_SUPPLIED DATA_:
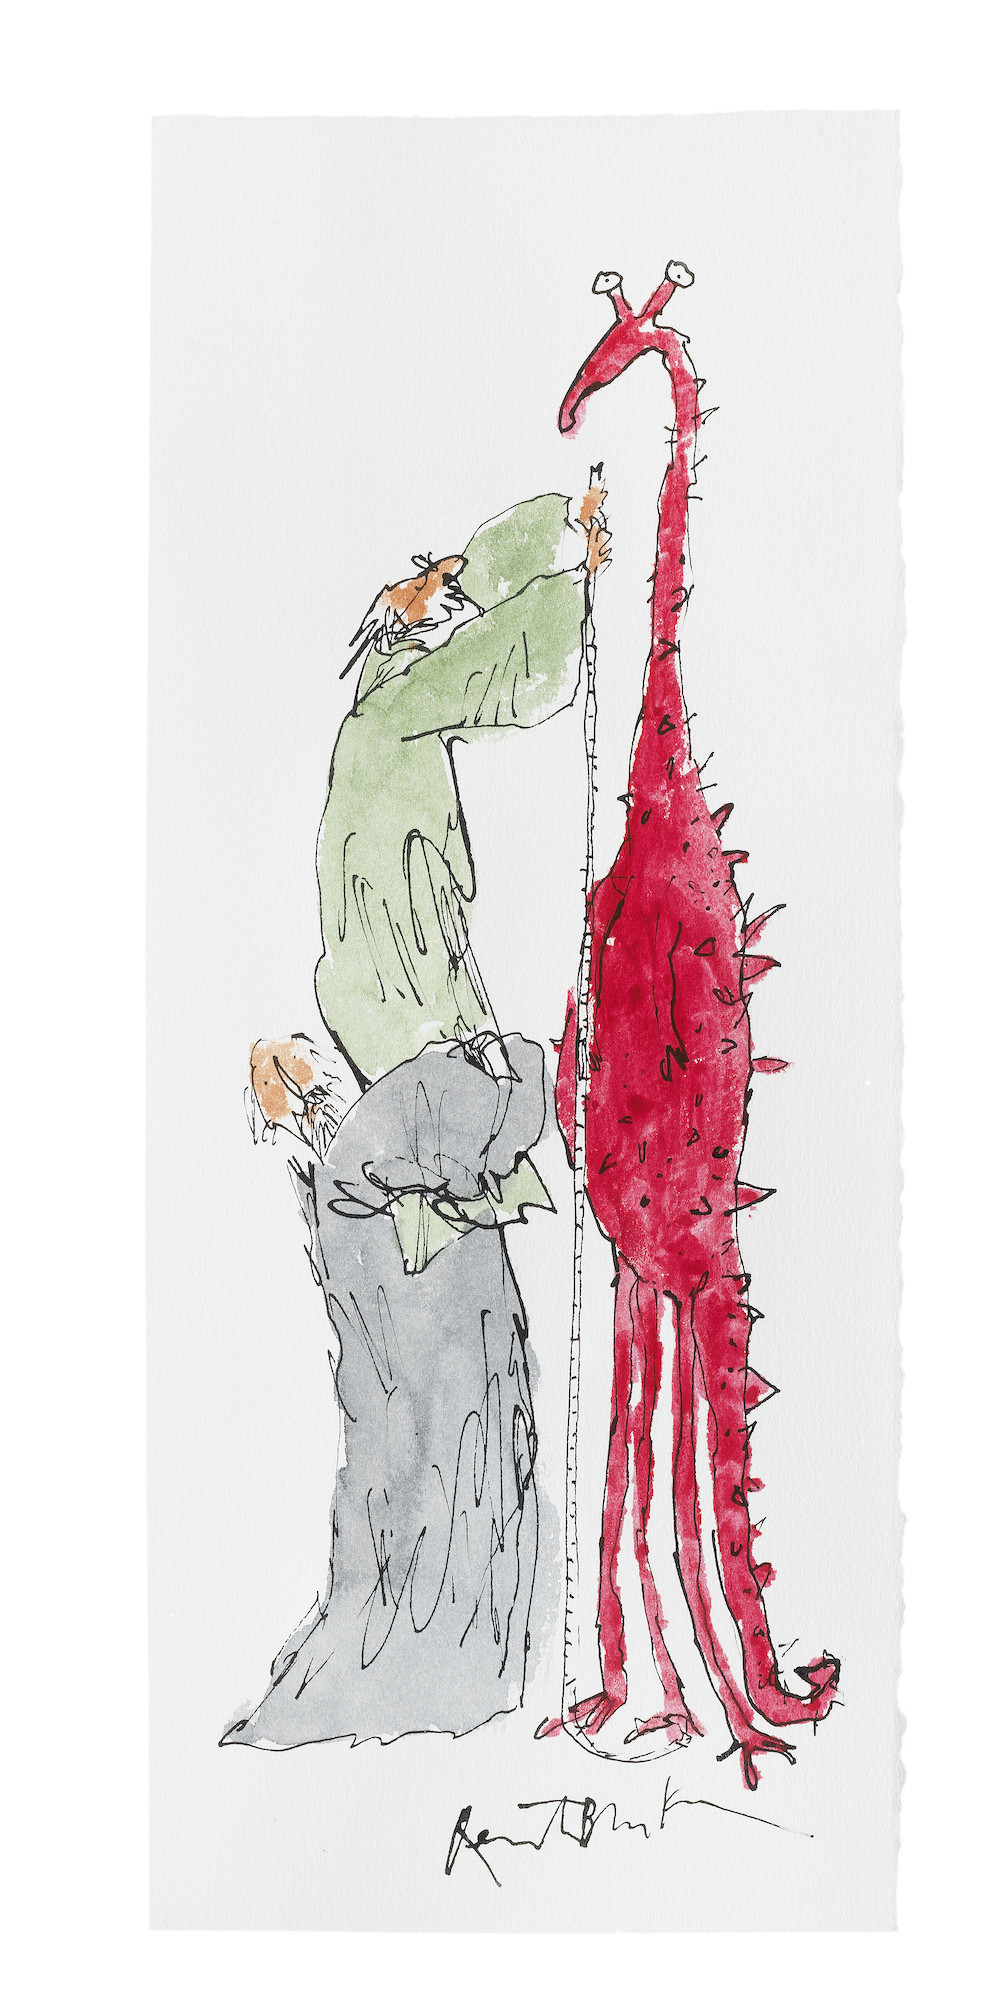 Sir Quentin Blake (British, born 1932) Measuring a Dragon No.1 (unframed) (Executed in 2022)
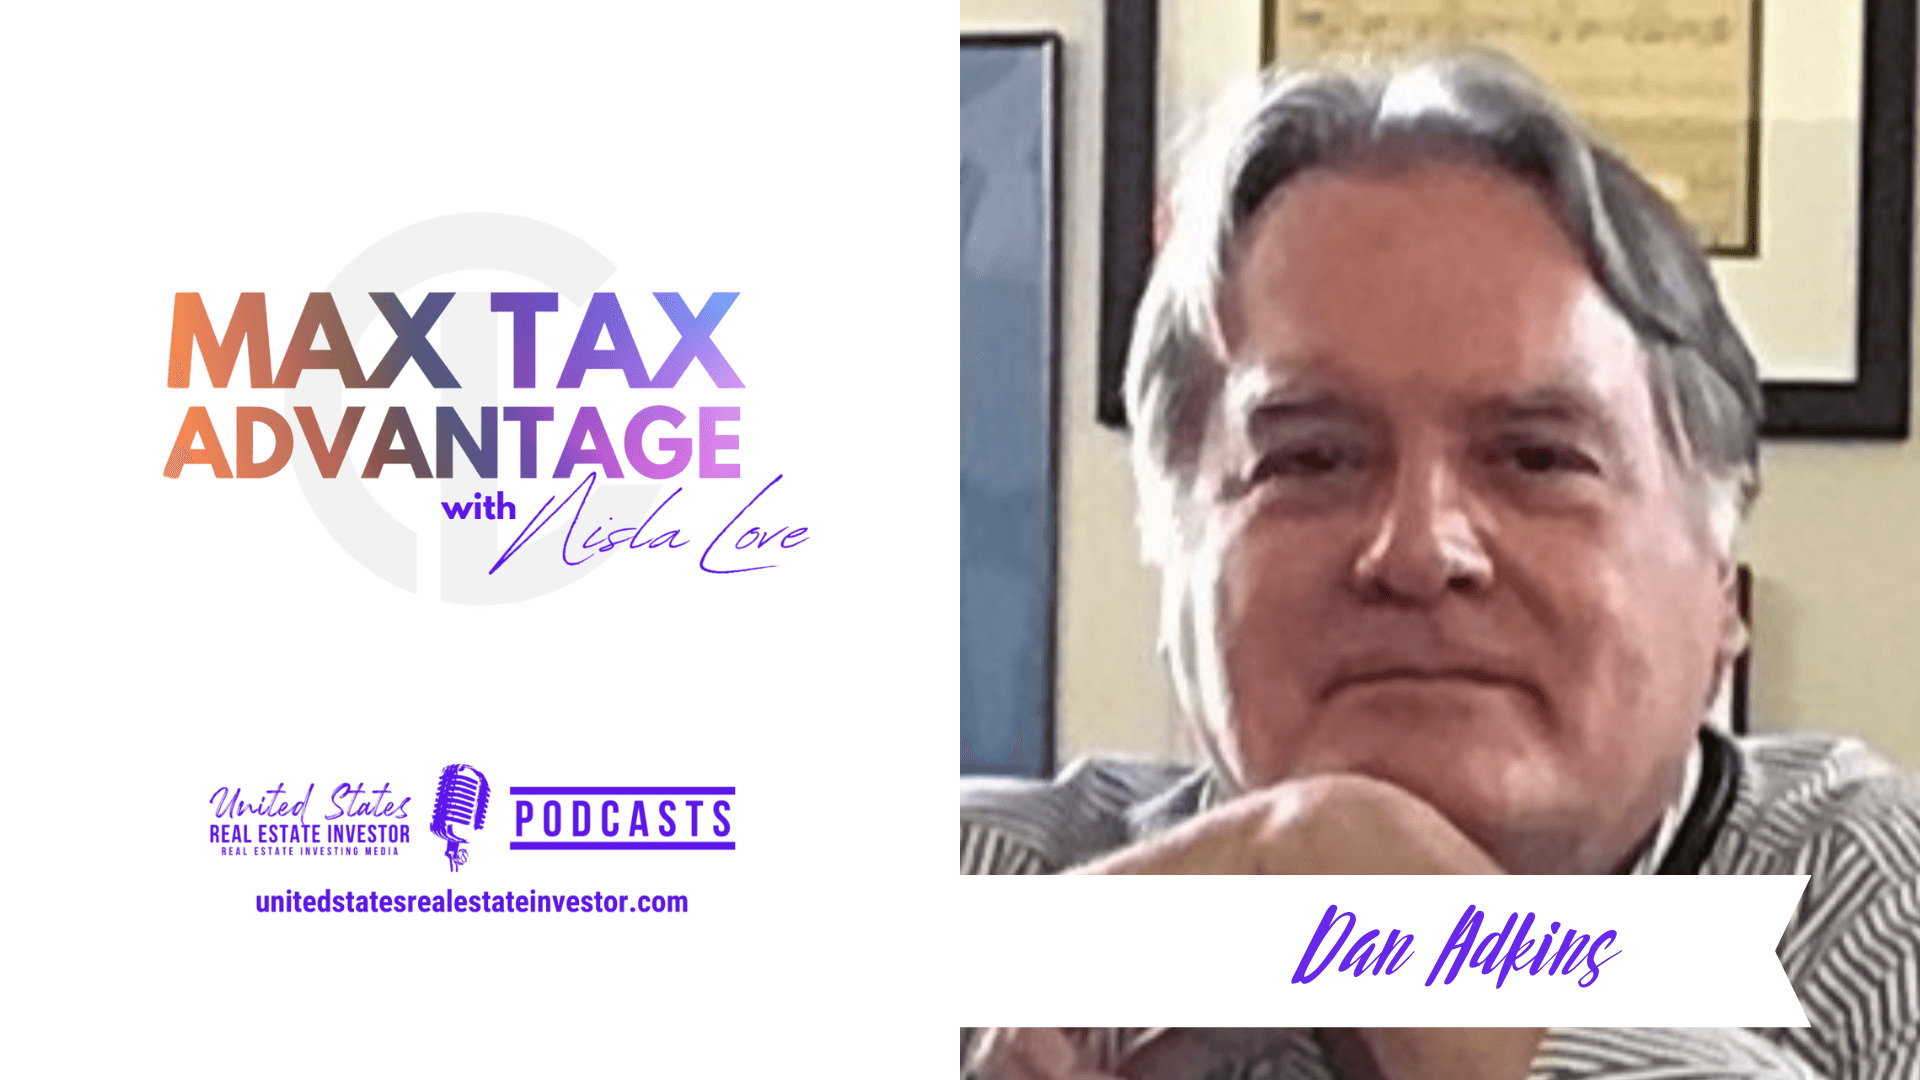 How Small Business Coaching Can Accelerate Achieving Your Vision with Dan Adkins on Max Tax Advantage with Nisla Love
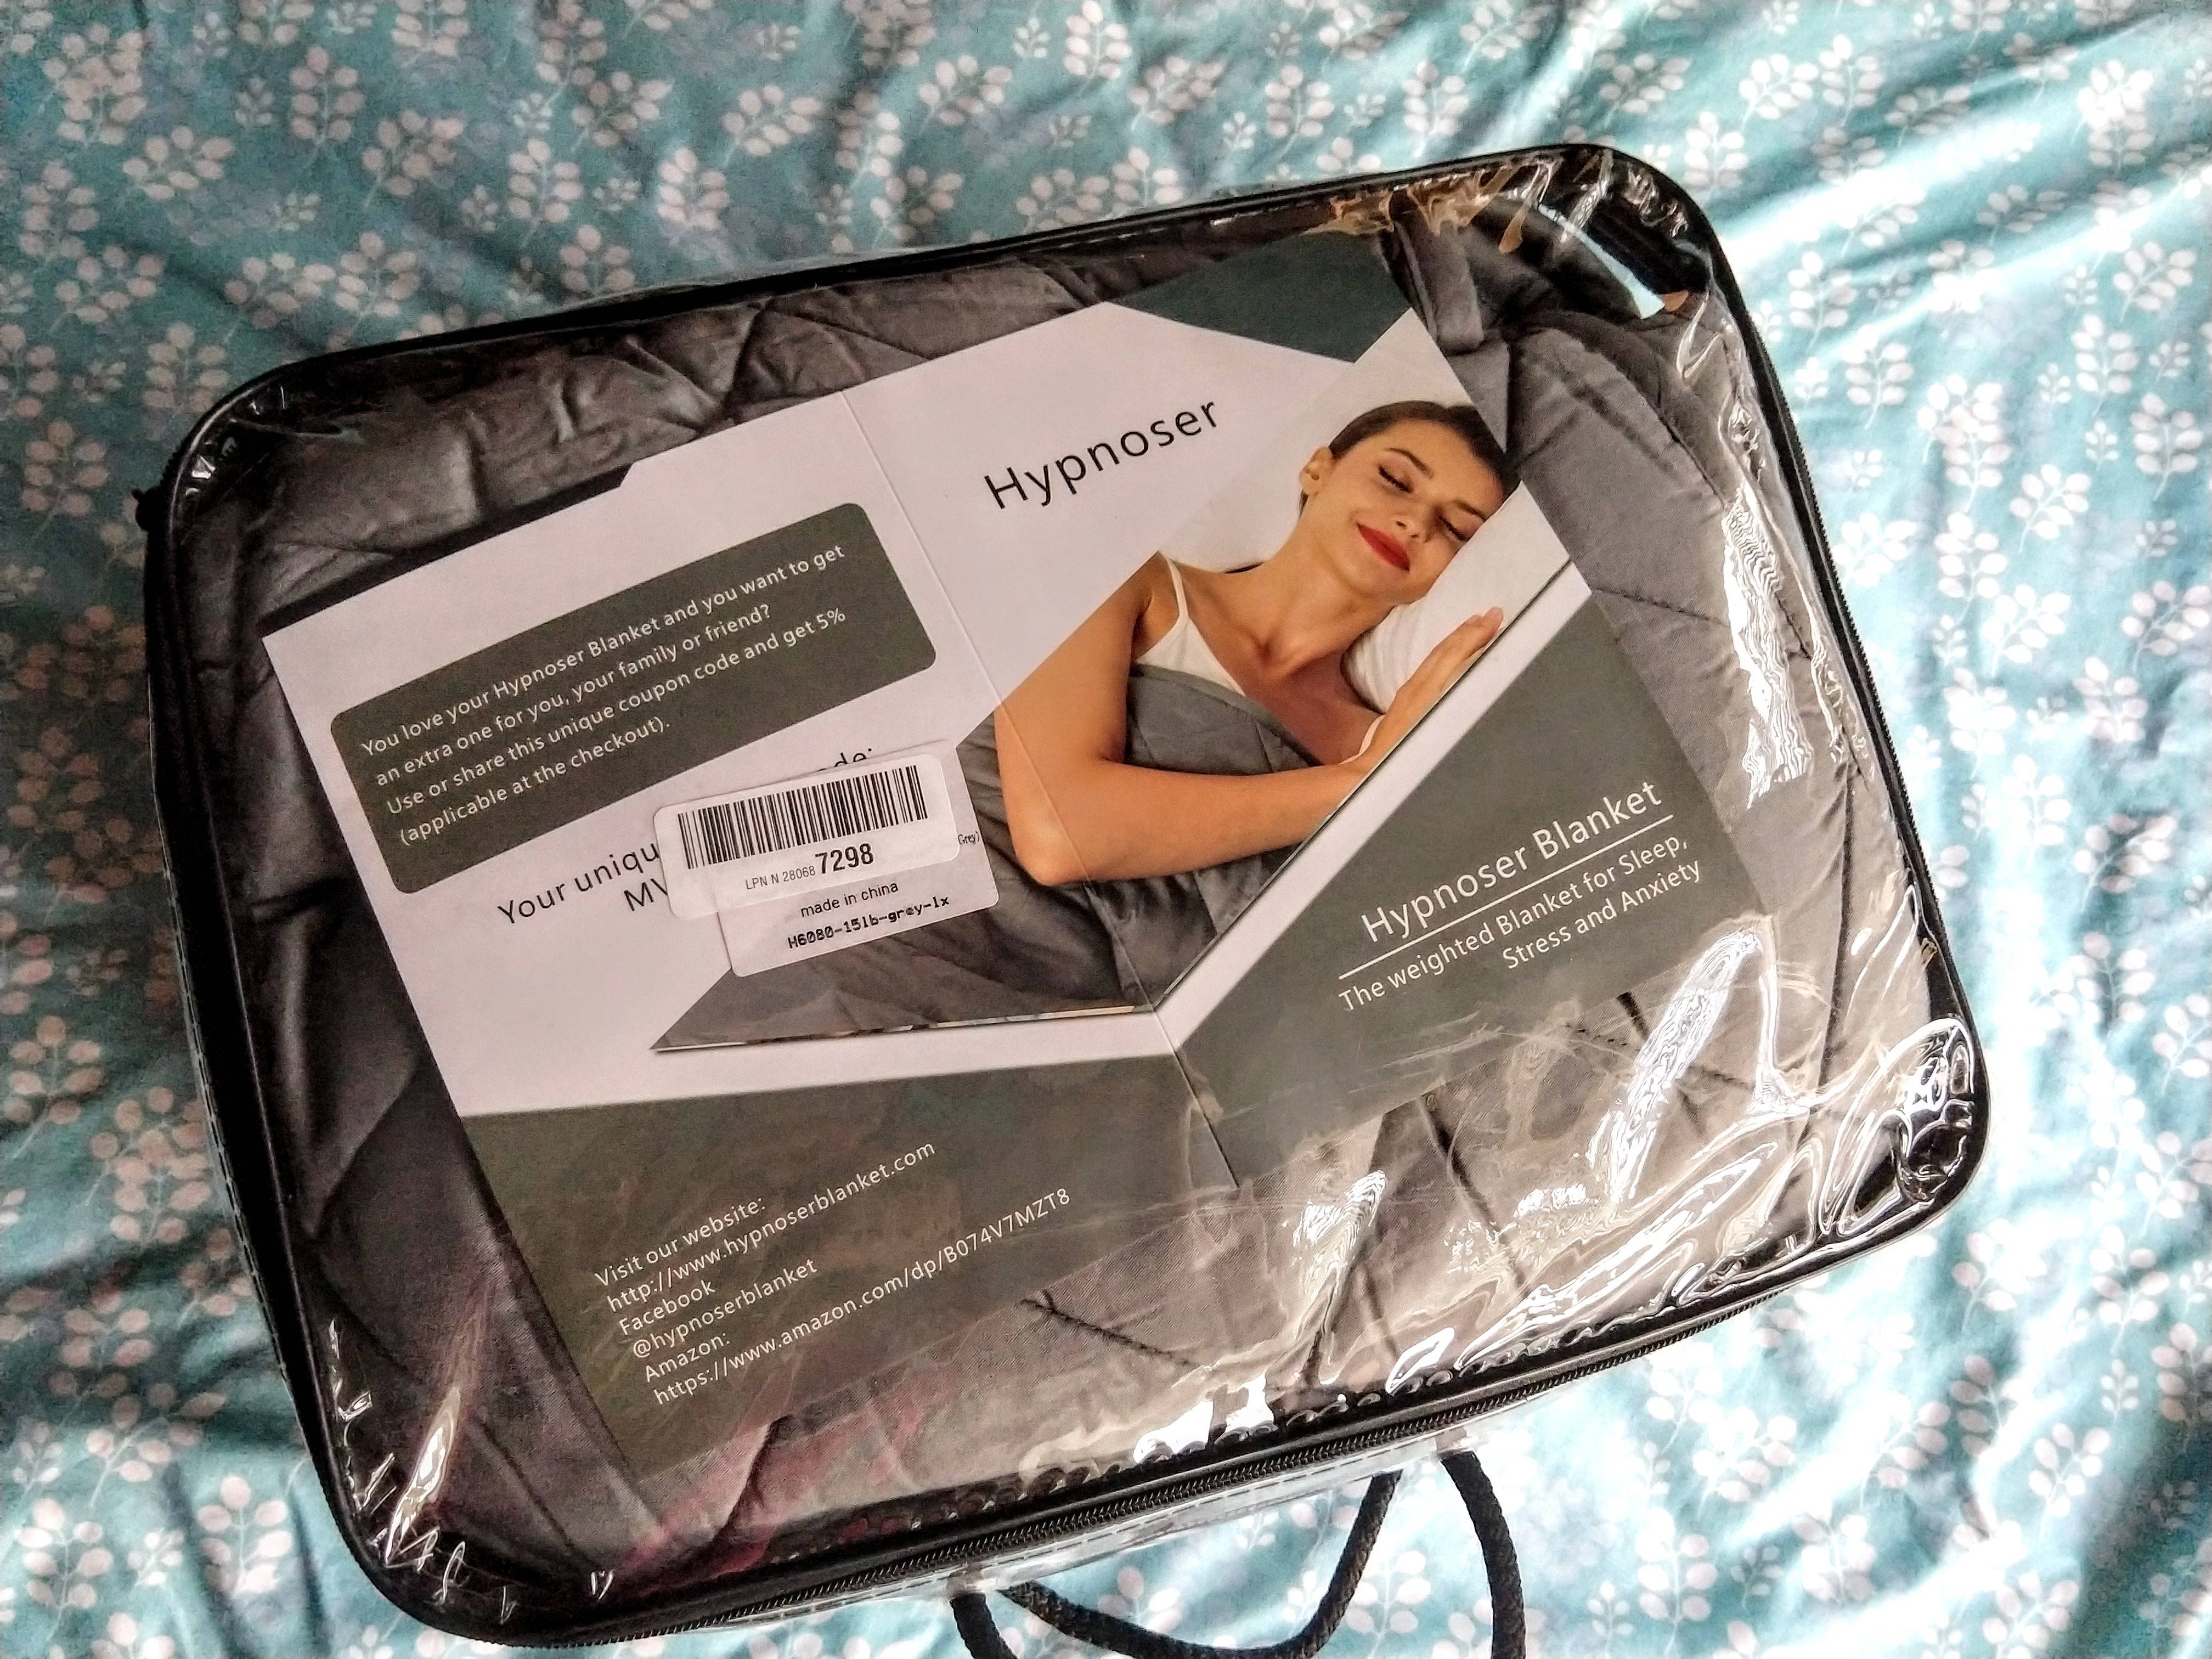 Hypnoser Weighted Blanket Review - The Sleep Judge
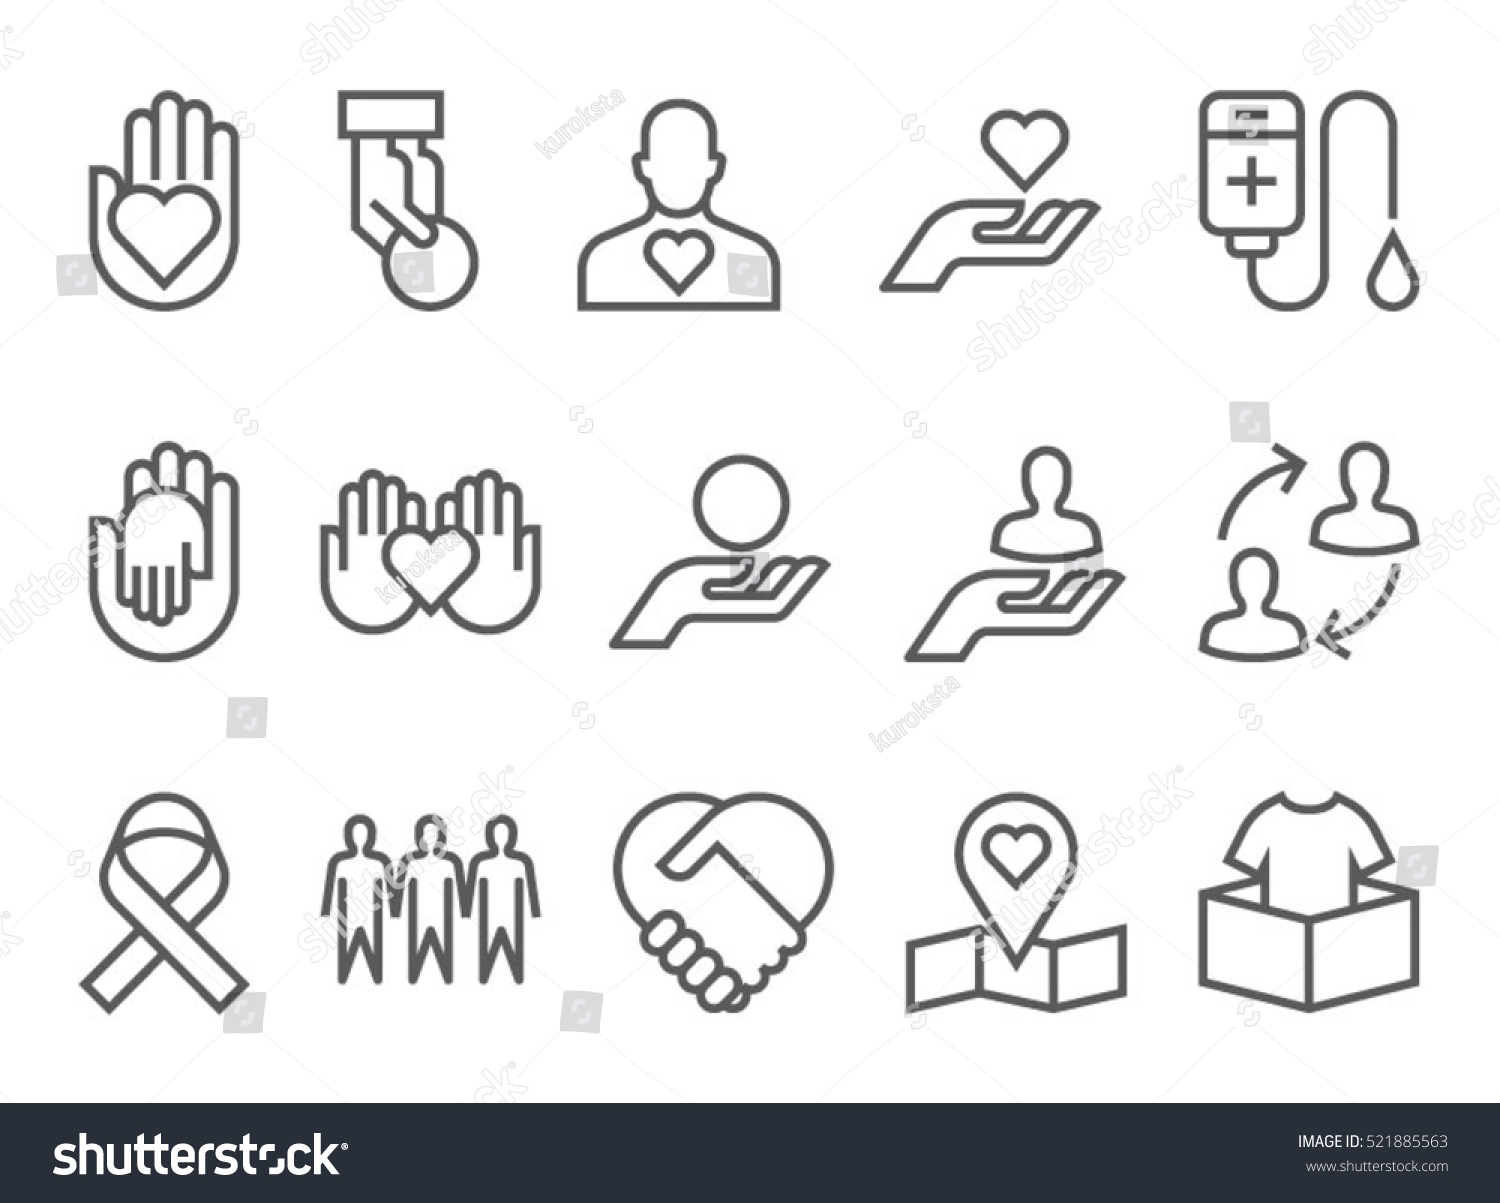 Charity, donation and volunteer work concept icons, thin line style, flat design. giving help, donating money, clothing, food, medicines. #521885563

_ASSIGNED TASK_: Return, exactly as they stand, all of the lines above, but not the pictures.

_SOLUTION FOR THIS PROBLEM_:
 Sir Quentin Blake (British, born 1932) Measuring a Dragon No.1 (unframed) (Executed in 2022)
 How Small Business Coaching Can Accelerate Achieving Your Vision with Dan Adkins on Max Tax Advantage with Nisla Love
 Hypnoser Weighted Blanket Review - The Sleep Judge
 Charity, donation and volunteer work concept icons, thin line style, flat design. giving help, donating money, clothing, food, medicines. #521885563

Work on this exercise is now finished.